Can someone help me? I'm really confused.

The loudness L of a sound in decibels is given by L= 10log(base10)R, where R is the sound's relative intensity. If the intensity of a certain sound is tripled, by how many decibels does the sound increase?

evaluate

L = 10log (3R)
= 10log3 + 10logR
= 4.77 + l0log R

so ....

oh, thanks

wait, where'd the 4.77 come from?

can u do the rest of the work??

My Name is Mac

Yes

To find out by how many decibels the sound increases when its intensity is tripled, let's consider the equation given:

L = 10 log10 R

Where L is the loudness in decibels and R is the relative intensity of the sound.

Now, we need to determine the increase in loudness when the intensity is tripled.

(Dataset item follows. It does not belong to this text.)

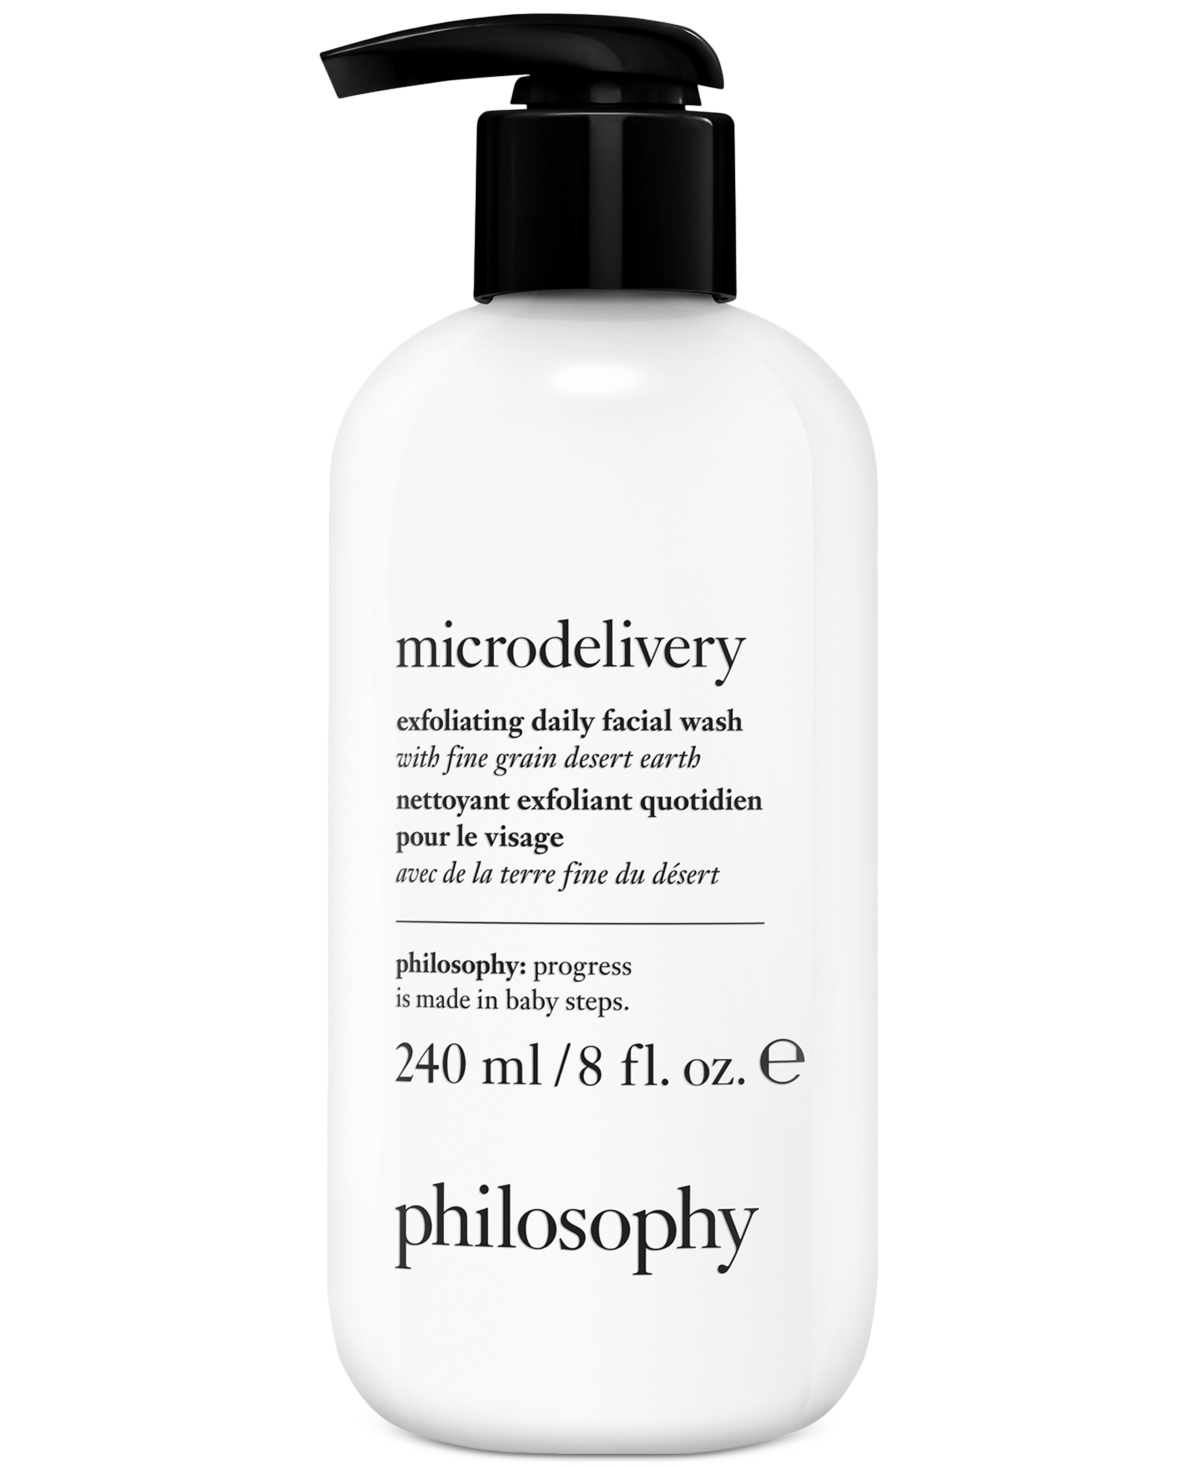 Microdelivery Exfoliating Daily Facial Wash, 8 oz.

Let's call the original intensity R1 and the tripled intensity R2.

From the given information, we know that R2 = 3R1 (the intensity is tripled).

By substituting the values into the equation, we get:

L2 = 10 log10 R2
L2 = 10 log10 (3R1)

Next, let's use a logarithmic property to simplify the expression:

L2 = 10 (log10 3 + log10 R1)

Since log10 3 is a constant value, let's denote it as K:

L2 = 10 (K + log10 R1)
L2 = 10K * 10(log10 R1)

Now, let's recall that log10 R1 was denoted as L in the initial equation (L = 10 log10 R).

So, we can write:
L2 = 10K * 10L

By combining the terms, we can express the increase in loudness in decibels as:

L2 - L = 10K * 10L - 10L

Simplifying this expression further:

L2 - L = (10K - 1) * 10L

Since K is a constant, 10K - 1 is also a constant. Let's denote it as M:

L2 - L = M * 10L

Therefore, we can conclude that when the intensity of a sound is tripled, the sound increases by M * 10L decibels.

Please note that the exact value of M can be calculated by substituting the constant value of log10 3 into the equation.